Die Börsen-Bäume wachsen nicht in den Himmel

Angesichts der EZB-Nullzins-Politik werden Aktien gern als „alternativlose“ Investments verkauft. Vergessen wird aber stets deren Risiko. (Foto: wallix / Shutterstock.com)

Anscheinend sind die Bullen an der Börse derzeit in den Sommerferien; die Euphorie ist urplötzlich wie vom Winde verweht.

Normalerweise sind es ja „erst“ die Herbst-Winde, ja: Stürme, die den Aktien-Bullen zu schaffen machen.
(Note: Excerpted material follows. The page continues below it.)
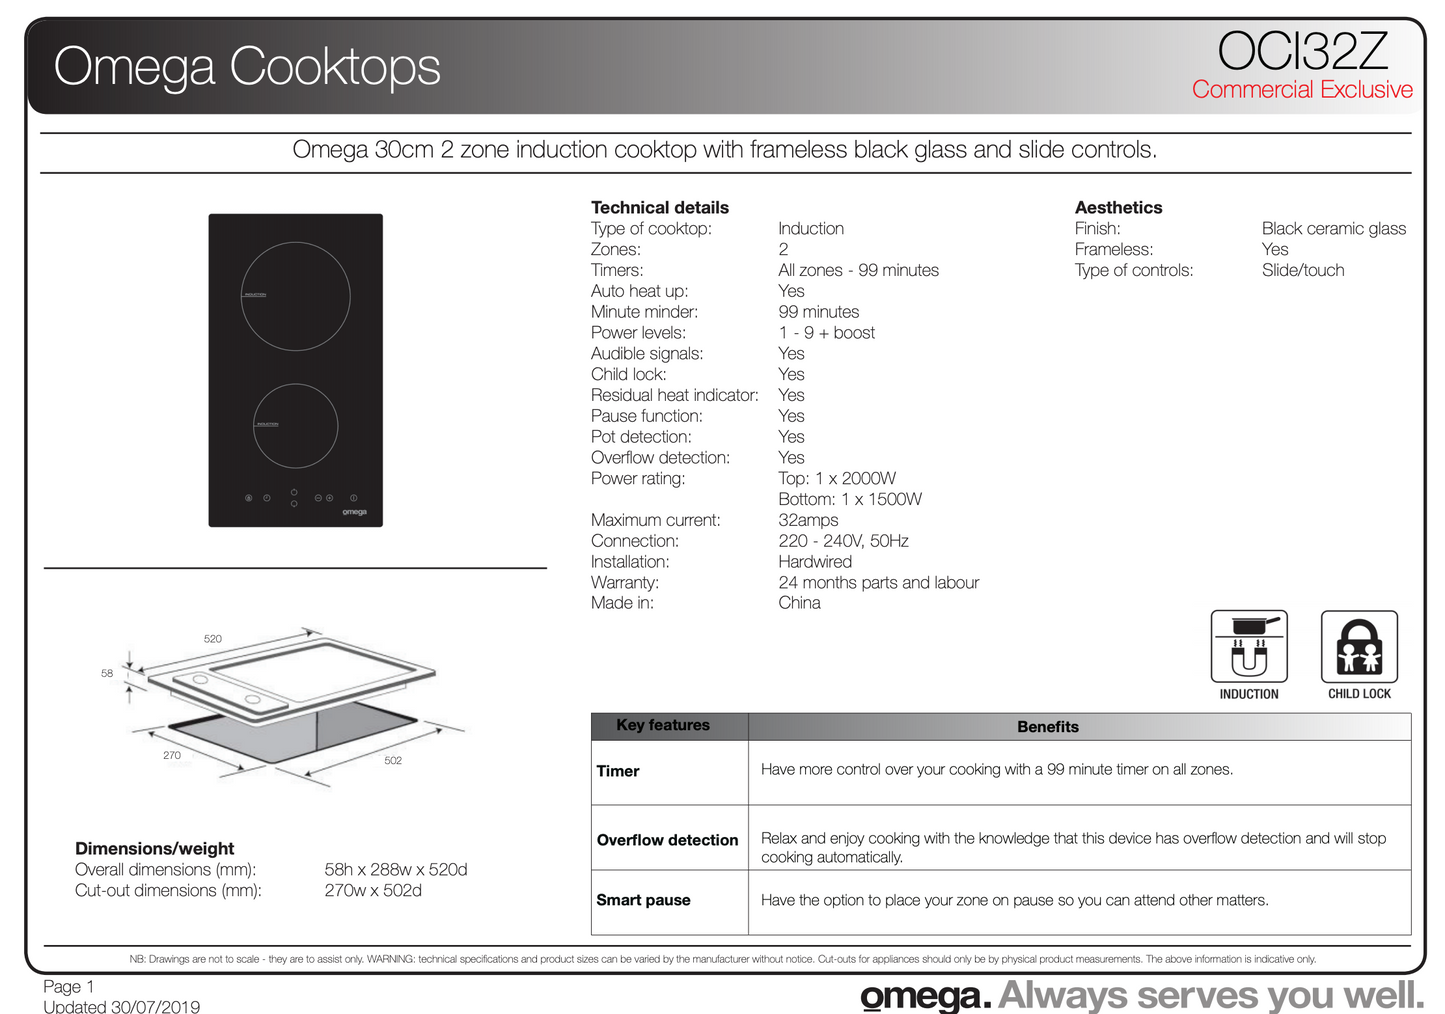 Omega OCI32Z 30cm Two Zone Induction Cooktop

Sicherlich, in Relation zu einem echten „Crash“ fühlt sich das kleine Börsen-Beben dieser Tage wie ein laues Lüftlein an.
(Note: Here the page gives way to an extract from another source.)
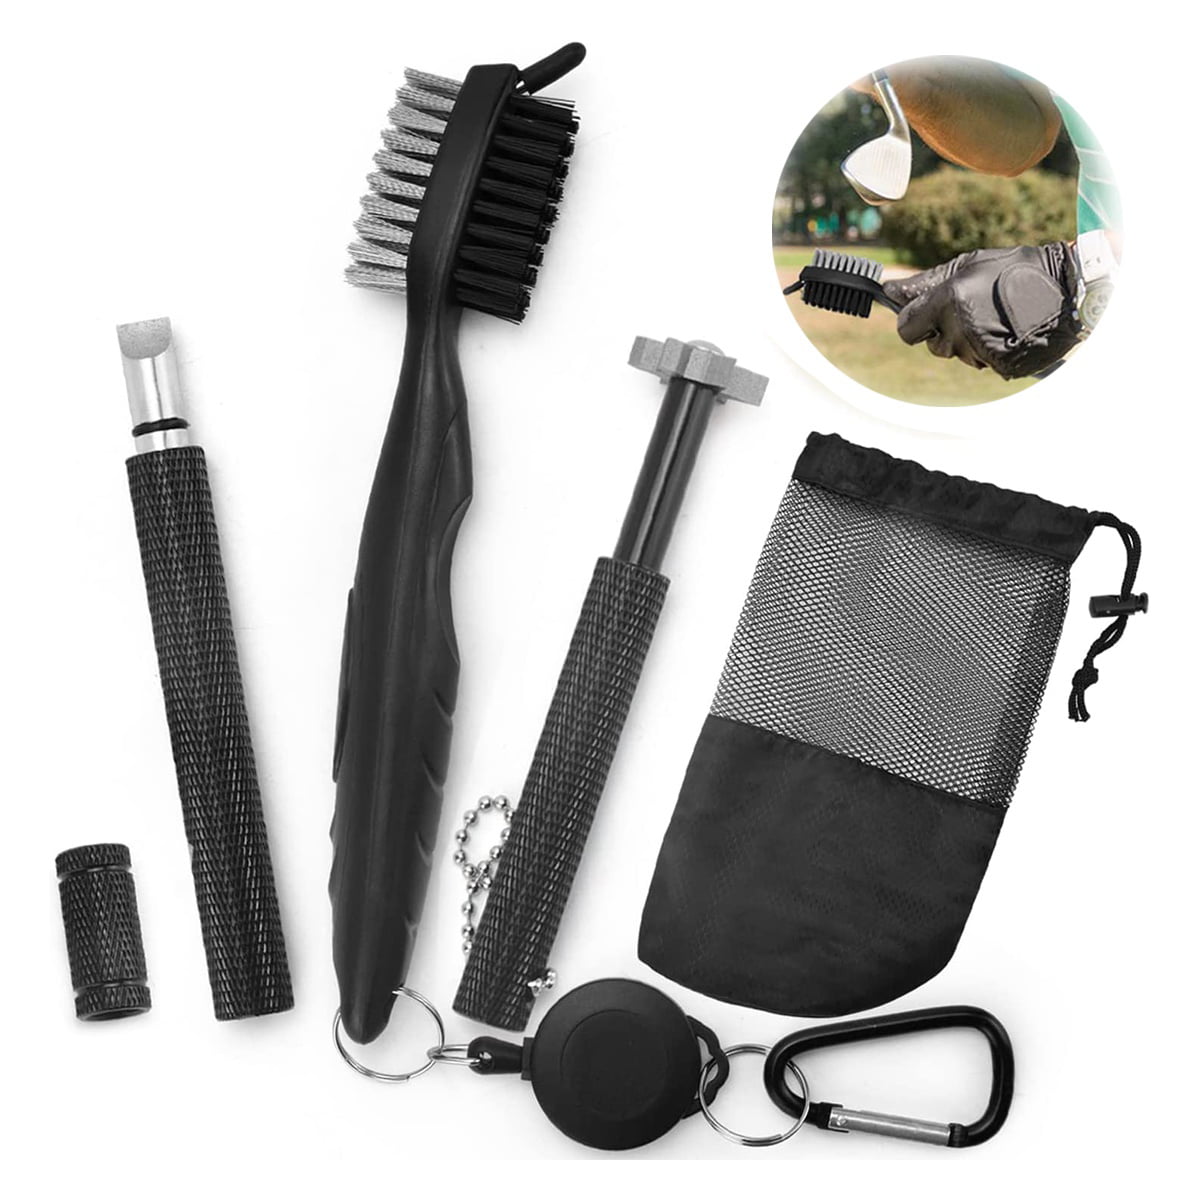  Nuanchu 10 Packs 3 In 1 Retractable Multiple Use Golf Club  Cleaner Tool Portable Golf Club Brush Golf Club Cleaning Kit

Deutscher Leitindex unter 12.000

Fakt ist allerdings, dass der deutsche Leitindex in den ersten August-Tagen nur eine Richtung kannte: nach unten.

Sicherlich, zuvor hatte es die Papiere der deutschen Autobauer im Zuge der Diesel-Krise schon arg erwischt.

In den letzten Tagen gerieten dann auch Schwergewichte wie das Papier des Industrie-Riesen Siemens unter Druck.

Unter dem Strich fiel das deutsche Leitbarometer unter die Marke von 12.000 Punkten. Der Traum vom Erreichen der 13.000 ist damit dahin.

Siemens: Schwacher Auftrags-Eingang

À propos Siemens: Das Papier verlor ja mittlerweile vom Hoch im Mai aus betrachtet fast 20% an Wert.

Das ist für einen so schwergewichtigen Wert schon eine ordentliche Größe – und zwar trotz der Tatsache, dass der Konzern aktuell eigene Aktien massiv zurückkauft.

Die Investoren trennten sich wohl wegen eines interessanten Details von der Aktie, das im Zusammenhang mit der Veröffentlichung der jüngsten Quartalszahlen veröffentlicht wurde:

Siemens: Dresser Rand-Aktionäre stimmen Übernahme zuMit überwältigender Mehrheit haben die Dresser Rand-Aktionäre dem Übernahme-Angebot von Siemens zugestimmt. Angesichts des hohen Preises keine wirkliche Überraschung.  › mehr lesen

Tatsache ist, dass der Auftrags-Eingang deutlich schwächer als erwartet ausfiel und regelrecht einbrach.

Also, die neuen Orders für das Unternehmen gingen um fast 9% auf nur noch 19,8 Mrd. € zurück.

Das lag deutlich unter den Erwartungen der Beobachter. Im Konsens wurde ein Auftrags-Eingang von sage und schreibe 21,4 Mrd. € erwartet.

Eine derart starke Abweichung von den Erwartungen bei einem so großen Konzern wie Siemens kommt nicht allzu häufig vor.

Schwächelnde Realwirtschaft

Der schwache Auftrags-Eingang beim deutschen Industrie-Giganten deutet stark hierauf hin:

dass die Realwirtschaft entgegen der extrem optimistischen Prognosen wohl deutlich stärker schwächelt als die meisten Experten das wahrhaben wollen.

Weder an den Börsen noch in der Realwirtschaft wachsen die Bäume unentwegt in den Himmel; das ist schlechterdings unmöglich.

Und all jene, die immer noch den Traum von ewig steigenden Kursen träumen, werden vielleicht schon in diesem Herbst und Winter schmerzhaft eines Besseren belehrt werden.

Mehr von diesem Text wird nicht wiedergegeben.